** Opening DATA SUPPLIED block **

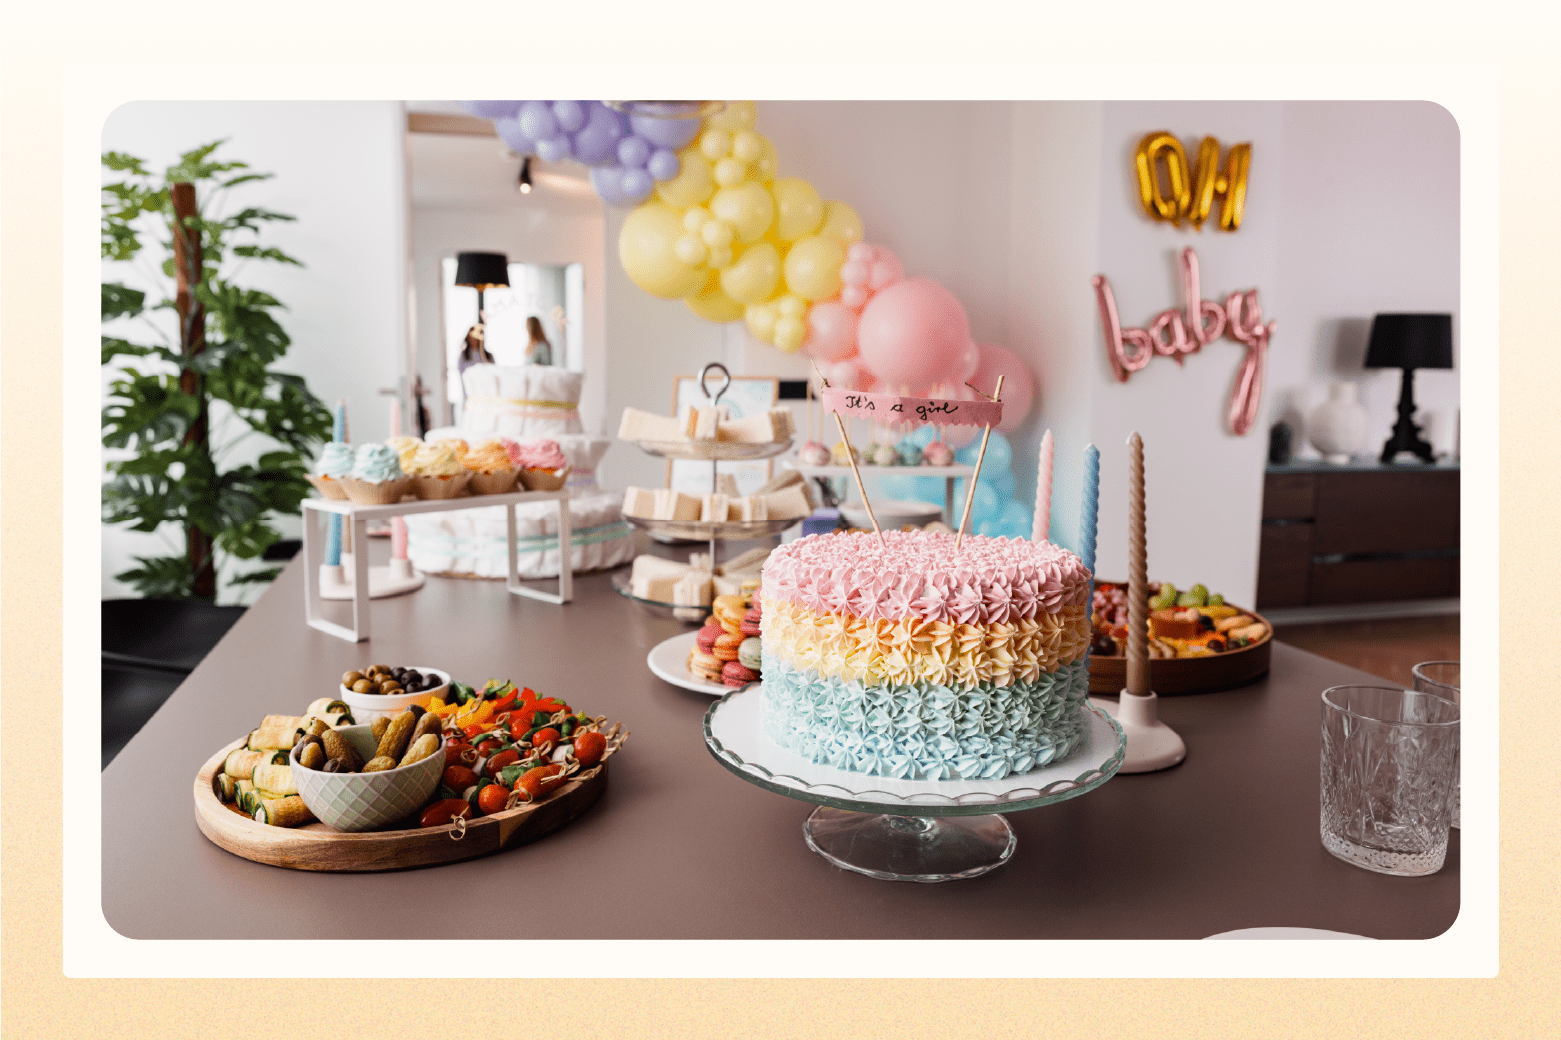 Baby sprinkle table with rainbow cake and balloons in background
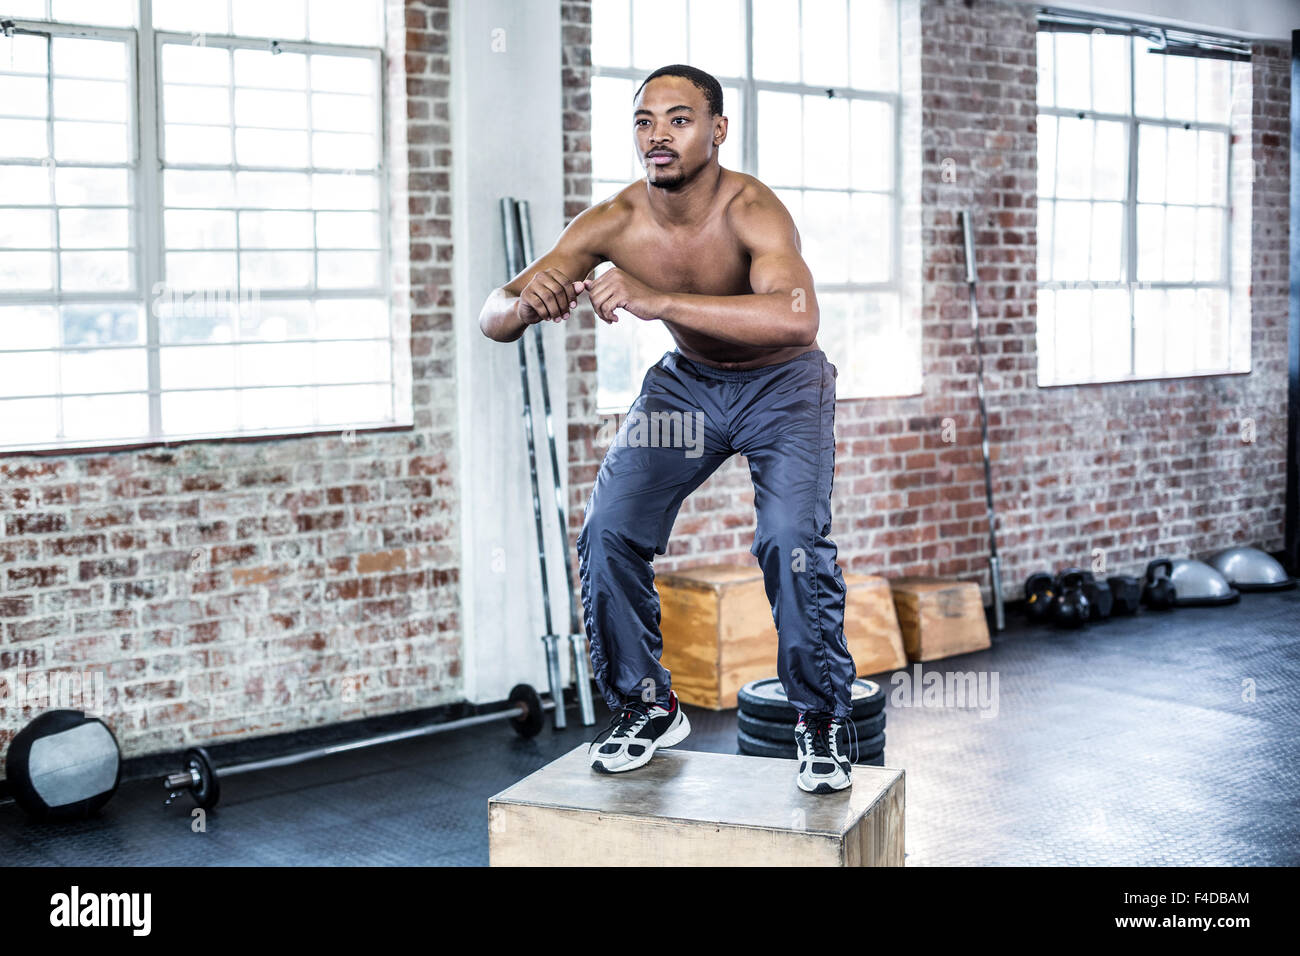 Fit man doing box jumps Stock Photo
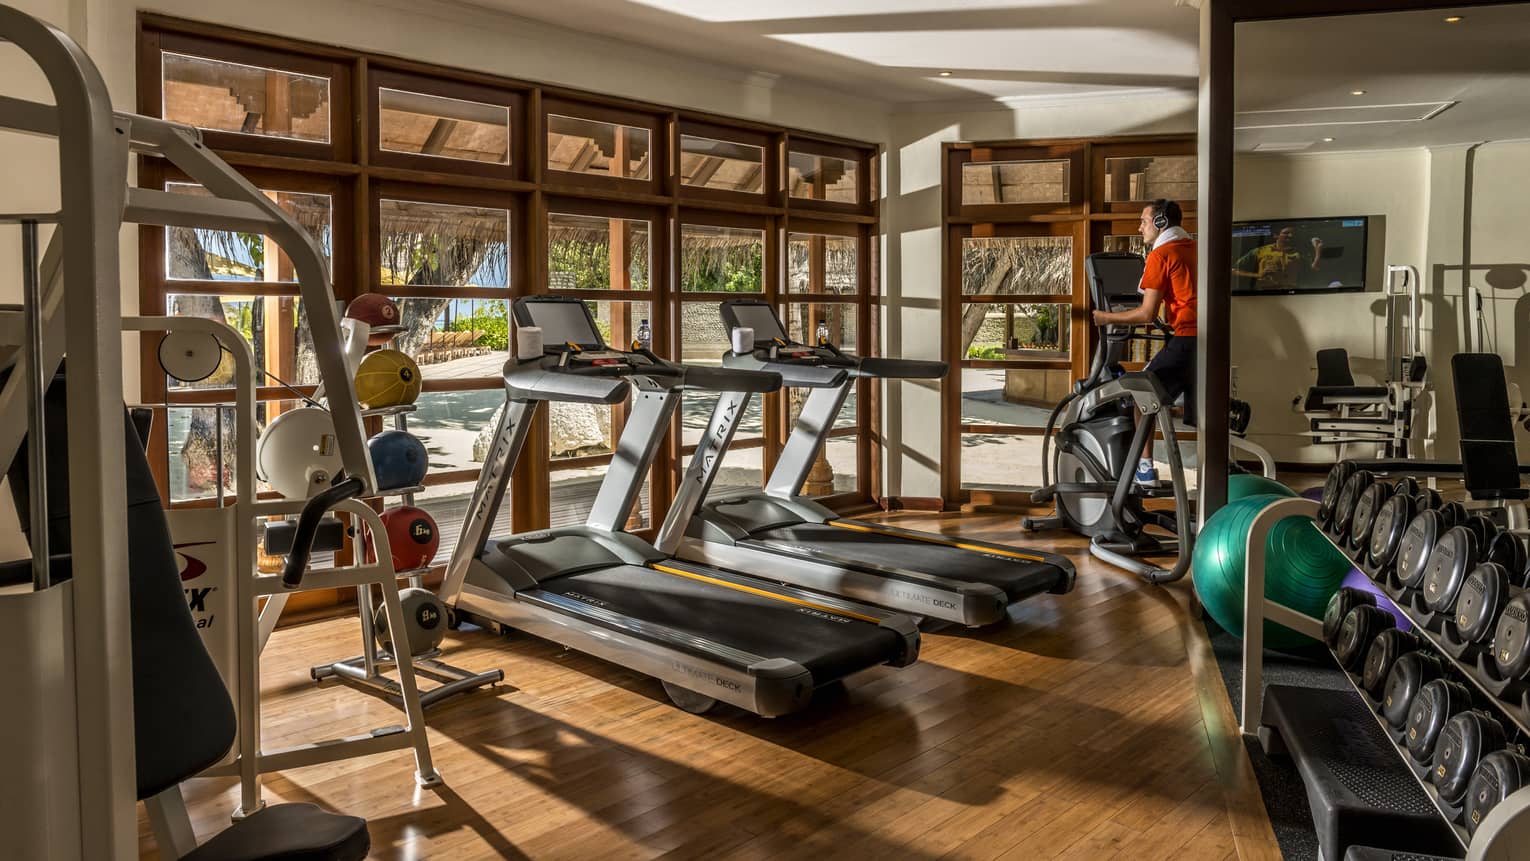 Gym with wooden floors, two treadmills, person on elliptical, free wights, windows looking out to beach
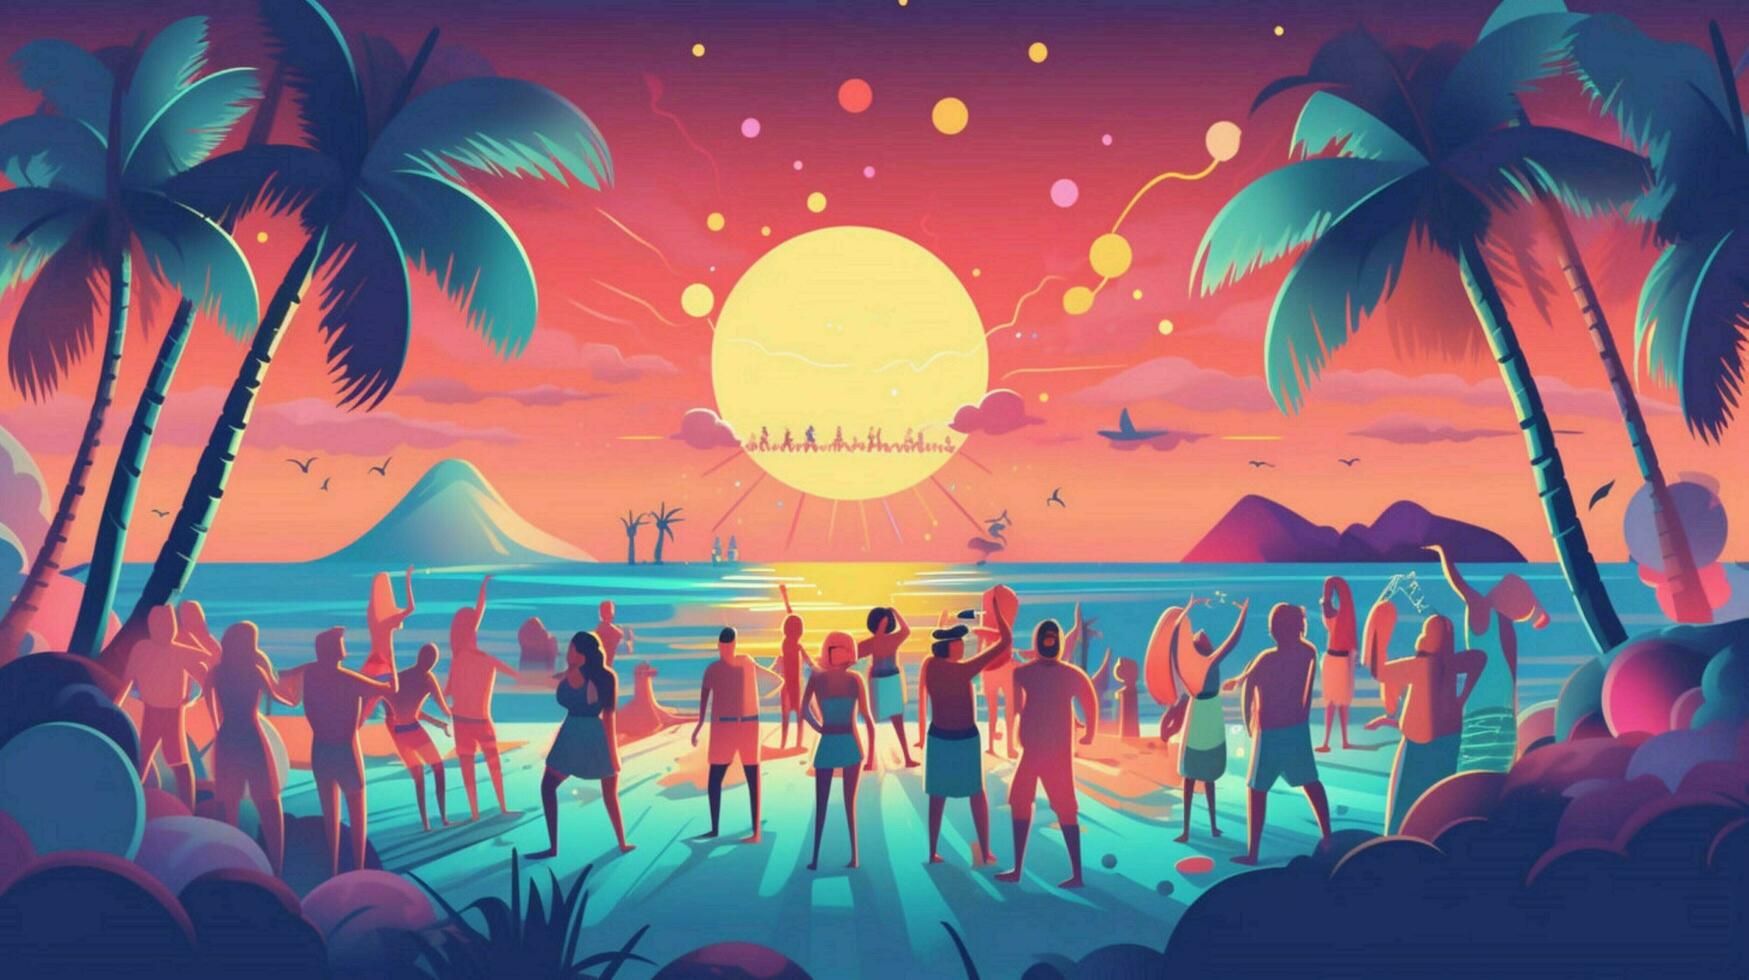 the image shows a night beach party with music photo
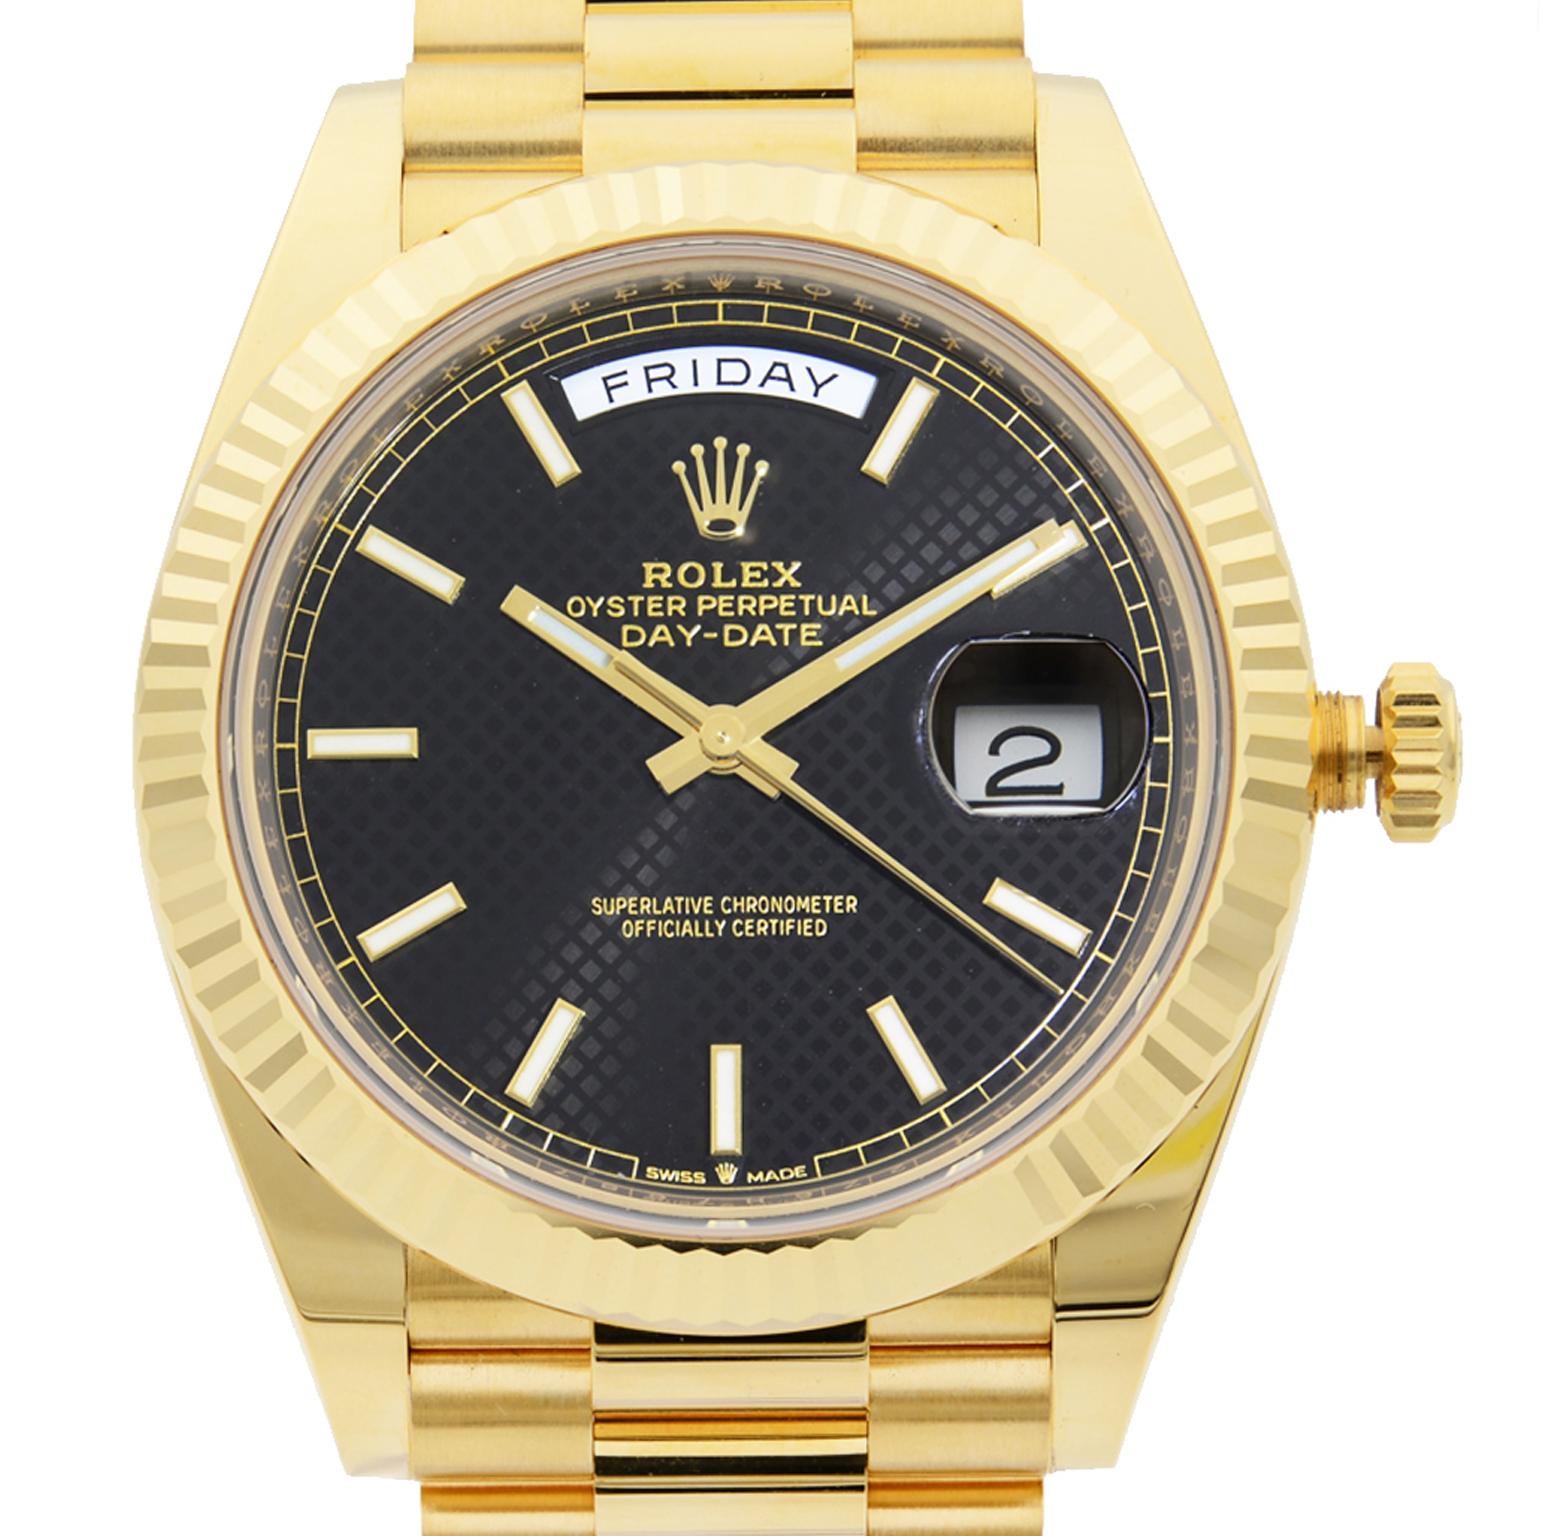 This  never been worn  Rolex Day-Date 228238 is a beautiful men's timepiece that is powered by mechanical (automatic) movement which is cased in a yellow gold case. It has a round shape face, day & date dial and has hand sticks style markers. It is

** Closing DATA SUPPLIED block **

§ **THE TASK**
Pictures are to be dropped, and the remaining data set down exactly.

§ **TASK RESULT**
 Baby sprinkle table with rainbow cake and balloons in background
 Fit man doing box jumps Stock Photo
 Gym with wooden floors, two treadmills, person on elliptical, free wights, windows looking out to beach
 the image shows a night beach party with music photo
 This  never been worn  Rolex Day-Date 228238 is a beautiful men's timepiece that is powered by mechanical (automatic) movement which is cased in a yellow gold case. It has a round shape face, day & date dial and has hand sticks style markers. It is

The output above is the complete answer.